PROBLEM STATEMENT:
Leave the pictures aside and copy all the data exactly.

DATA SHOWN:
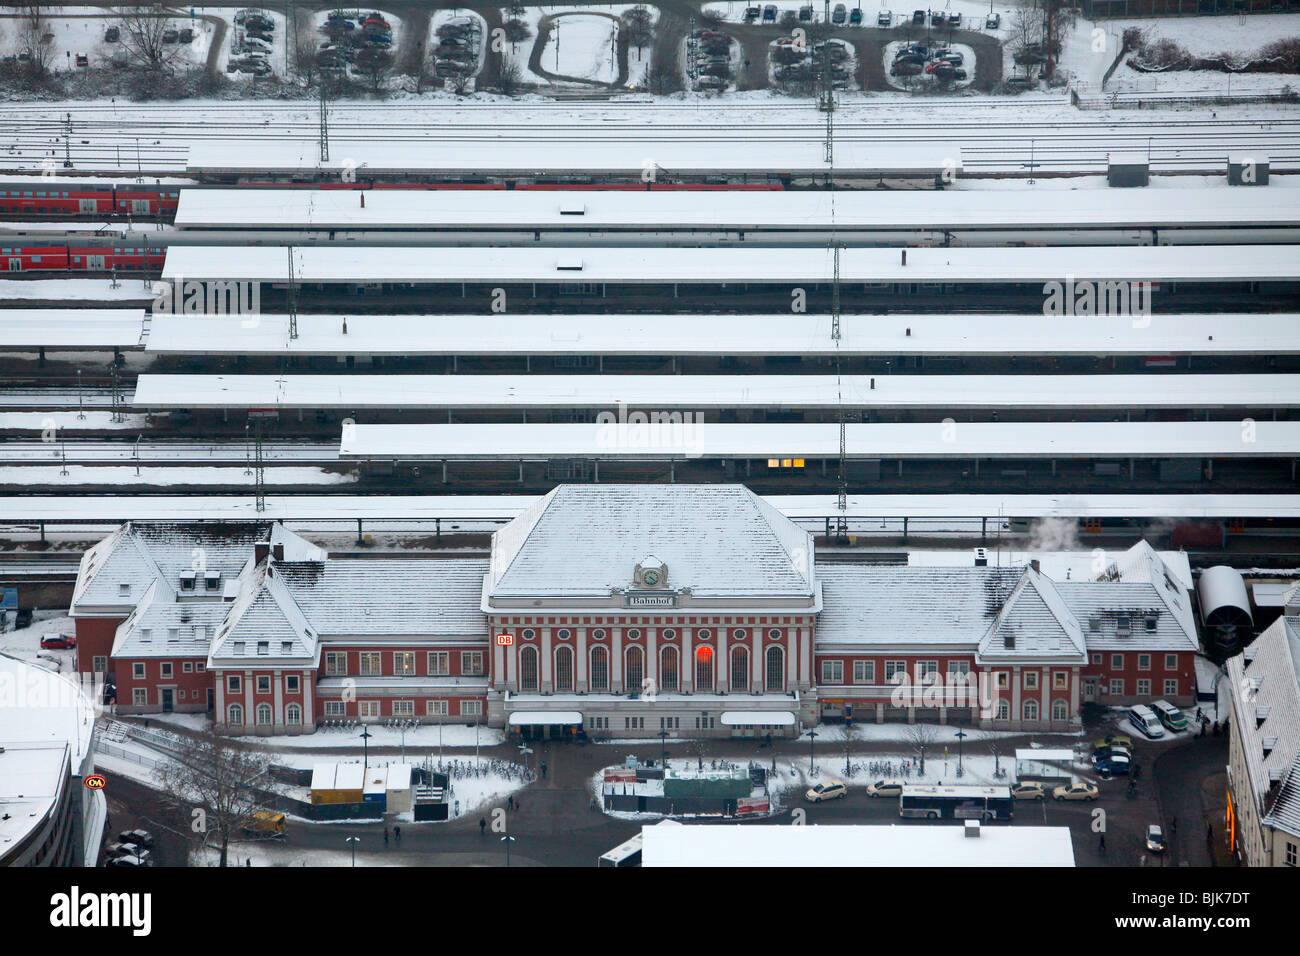 Foto aerea, la stazione ferroviaria centrale nella neve, Hamm, la zona della Ruhr, Renania settentrionale-Vestfalia, Germania, Europa Foto Stock
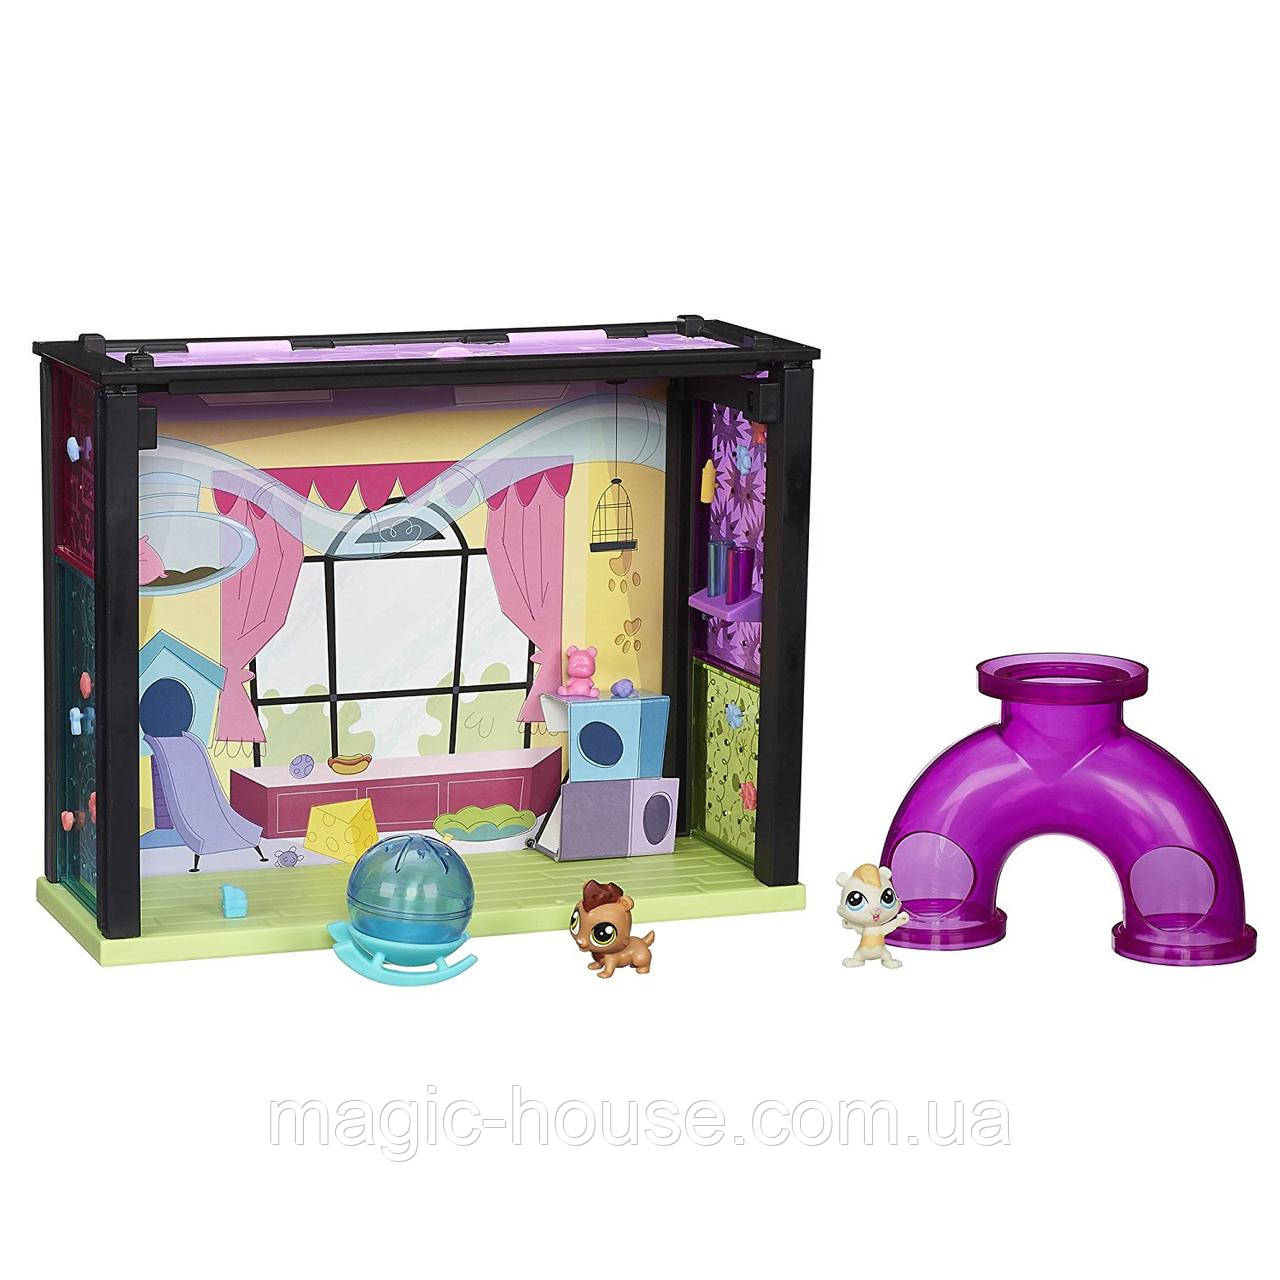 Littlest Pet Shop Игровой набор Стеклянная комната Mаленький Зоомагазин Литл Пет Шоп Pet-acular Fun Room Style
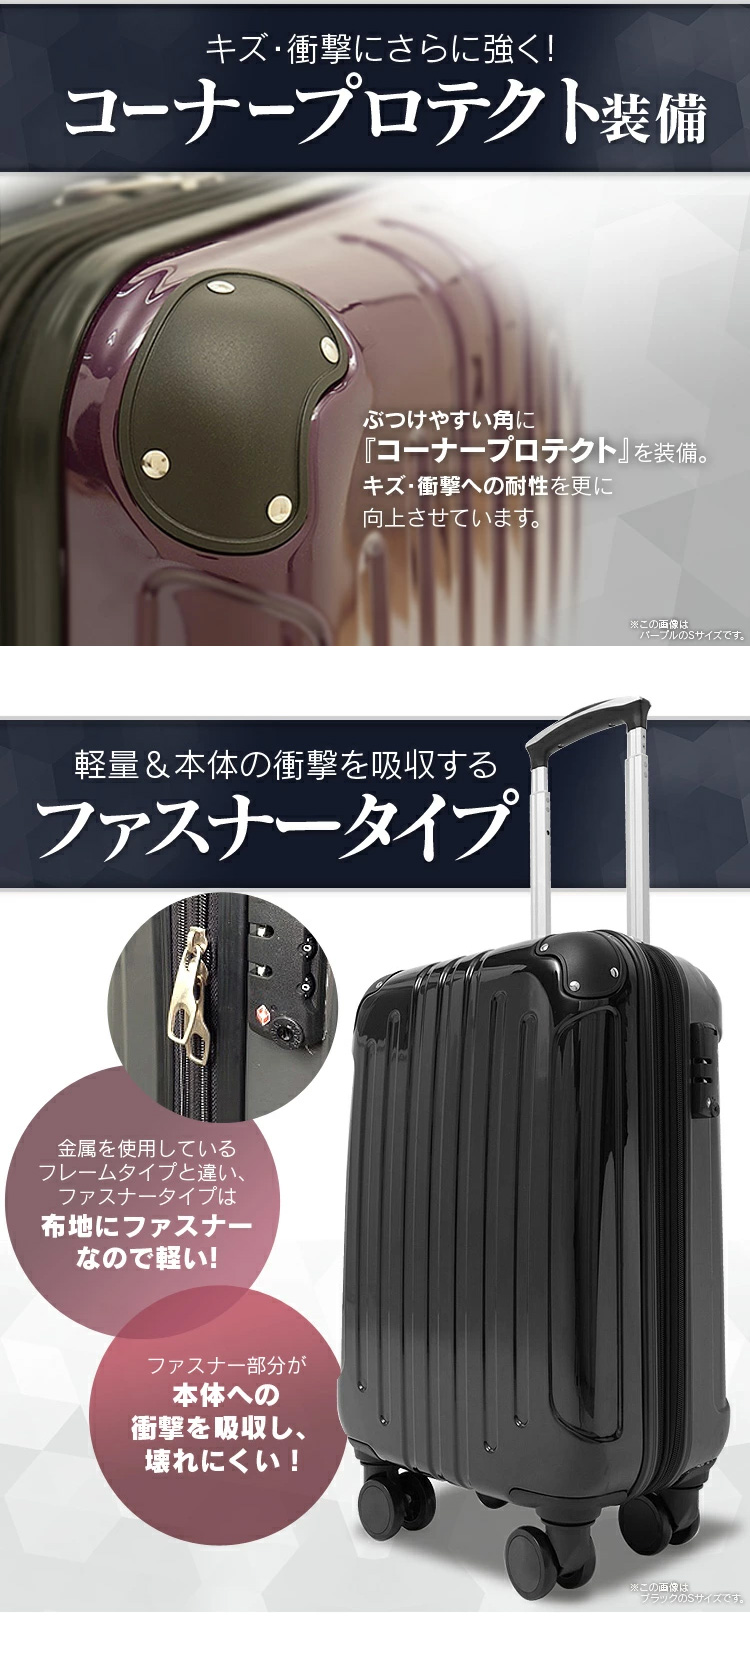 55%OFF!】 新品 スーツケース ベルト TSAロック装備 ピンク パープル
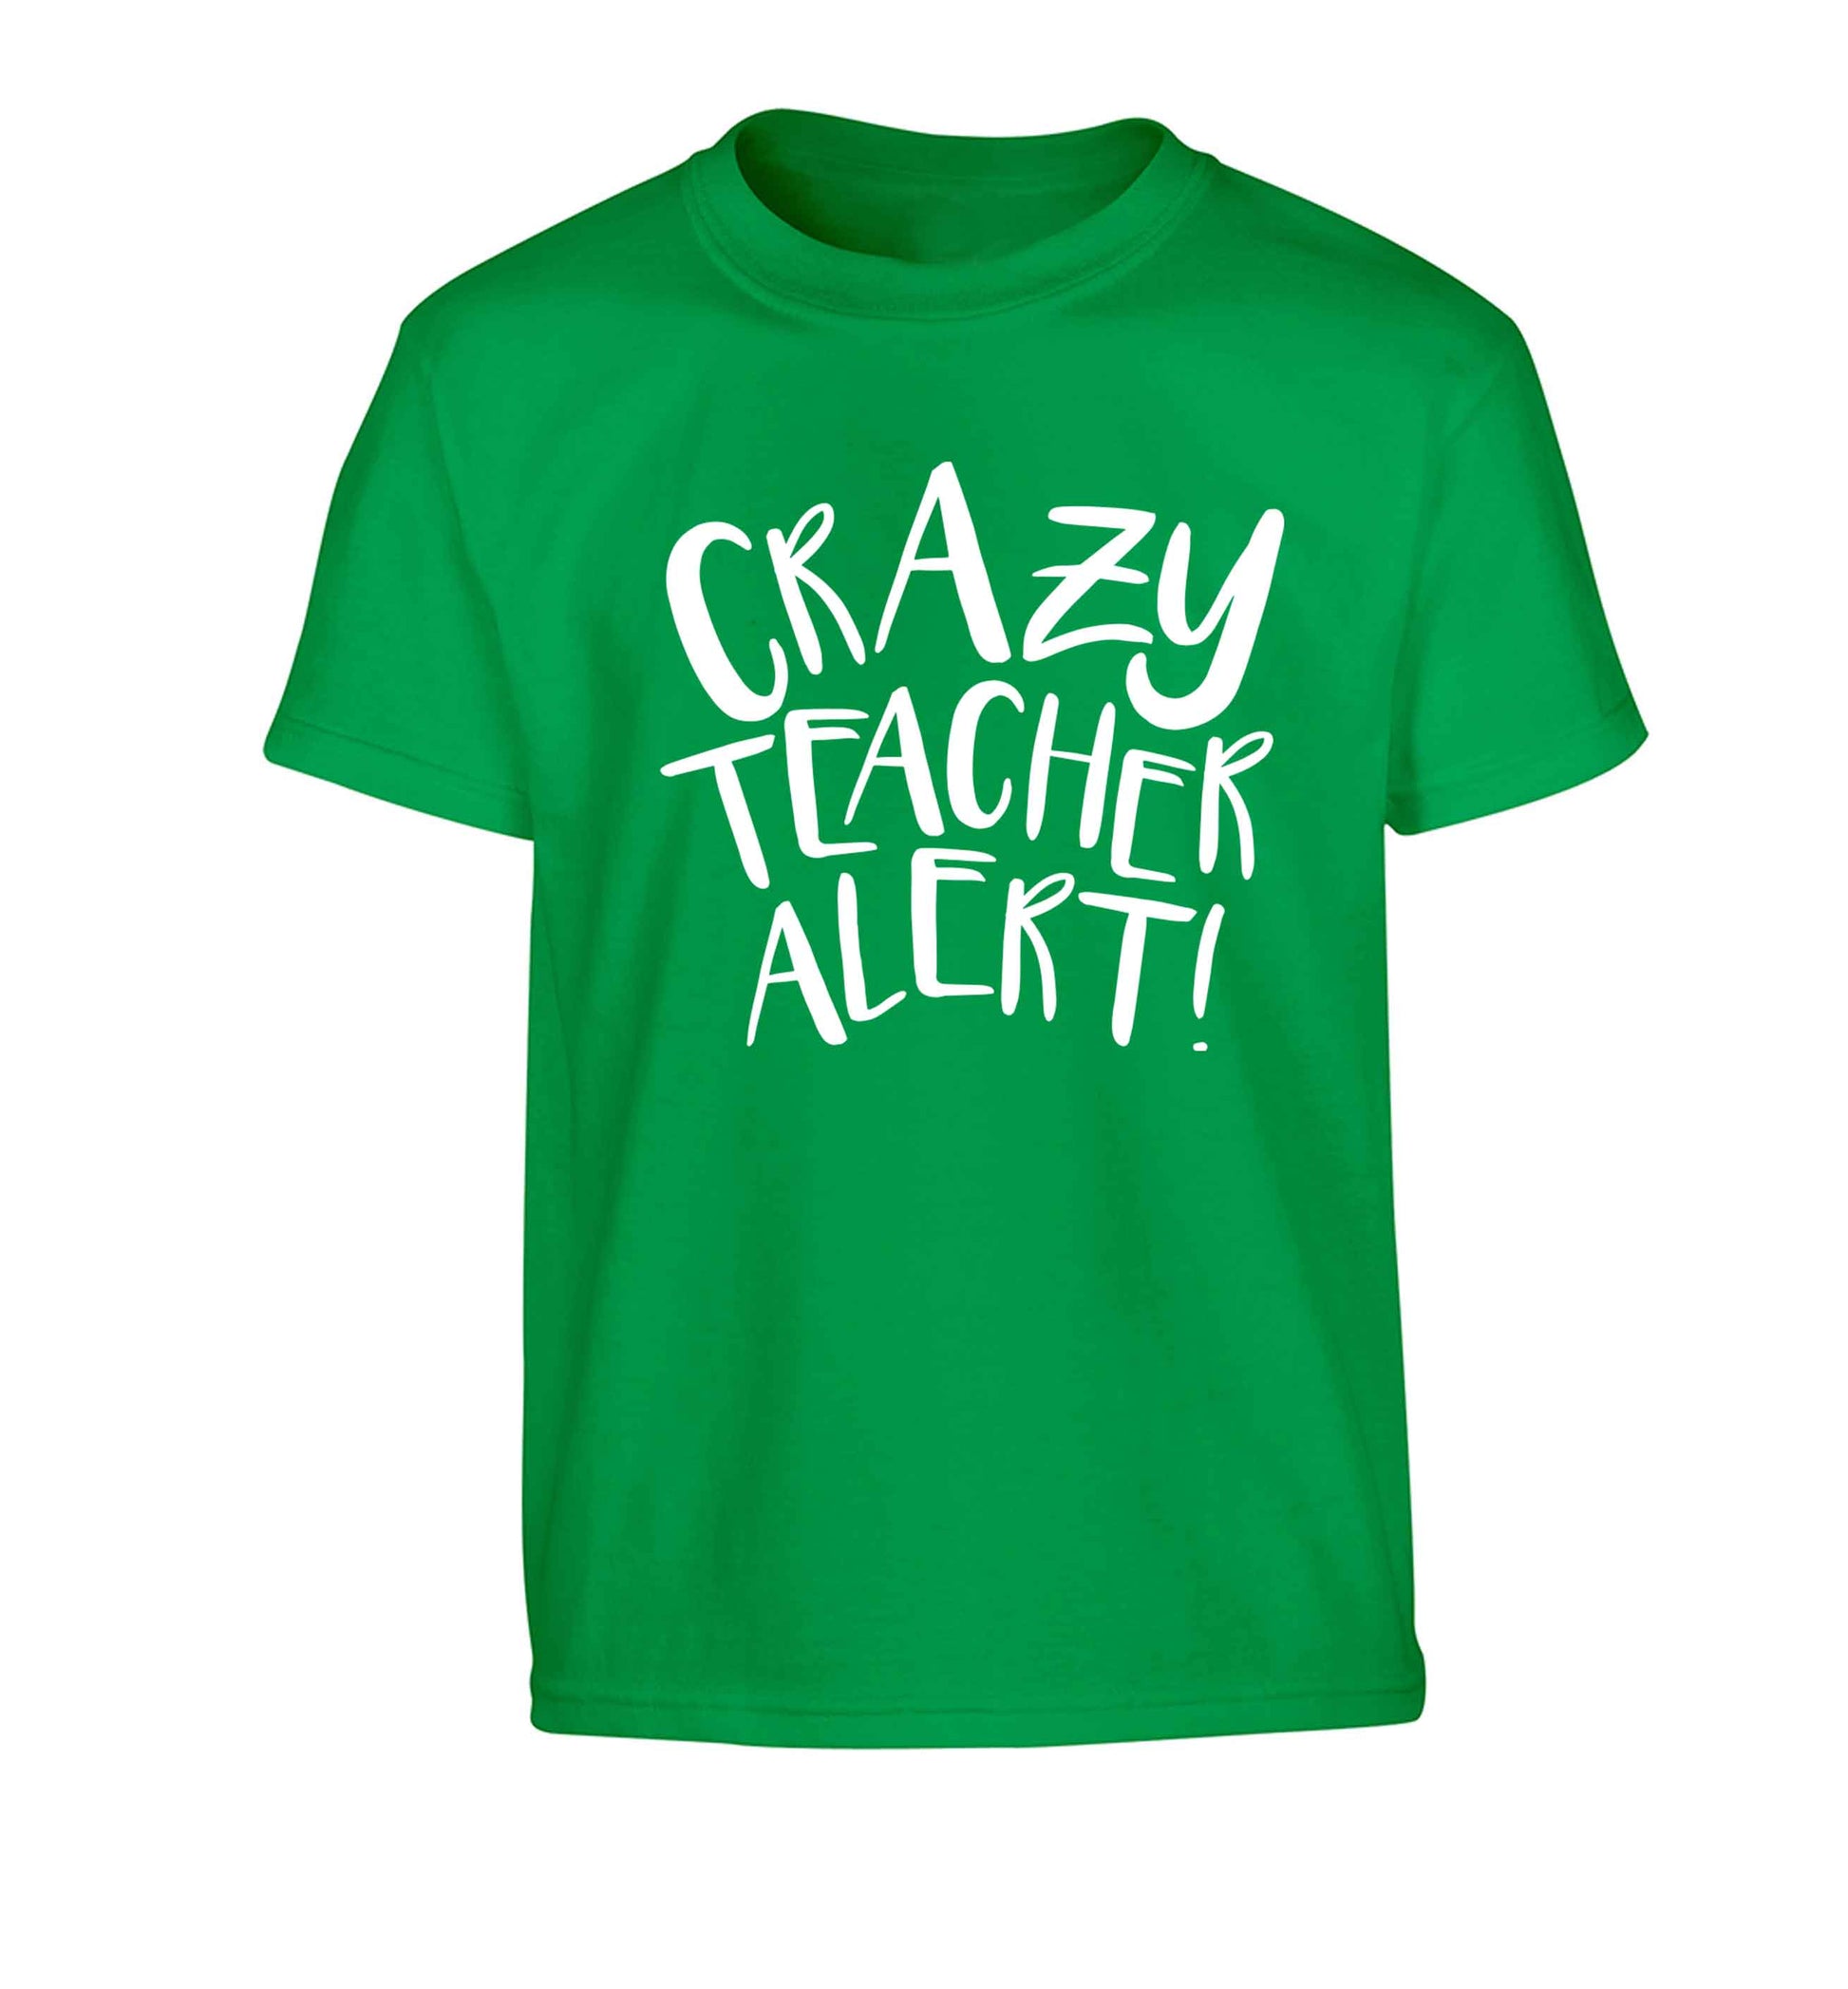 Crazy teacher alert Children's green Tshirt 12-13 Years

SOLUTION TO THIS TASK:
 Foto aerea, la stazione ferroviaria centrale nella neve, Hamm, la zona della Ruhr, Renania settentrionale-Vestfalia, Germania, Europa Foto Stock
 Littlest Pet Shop Игровой набор Стеклянная комната Mаленький Зоомагазин Литл Пет Шоп Pet-acular Fun Room Style
 55%OFF!】 新品 スーツケース ベルト TSAロック装備 ピンク パープル
 Crazy teacher alert Children's green Tshirt 12-13 Years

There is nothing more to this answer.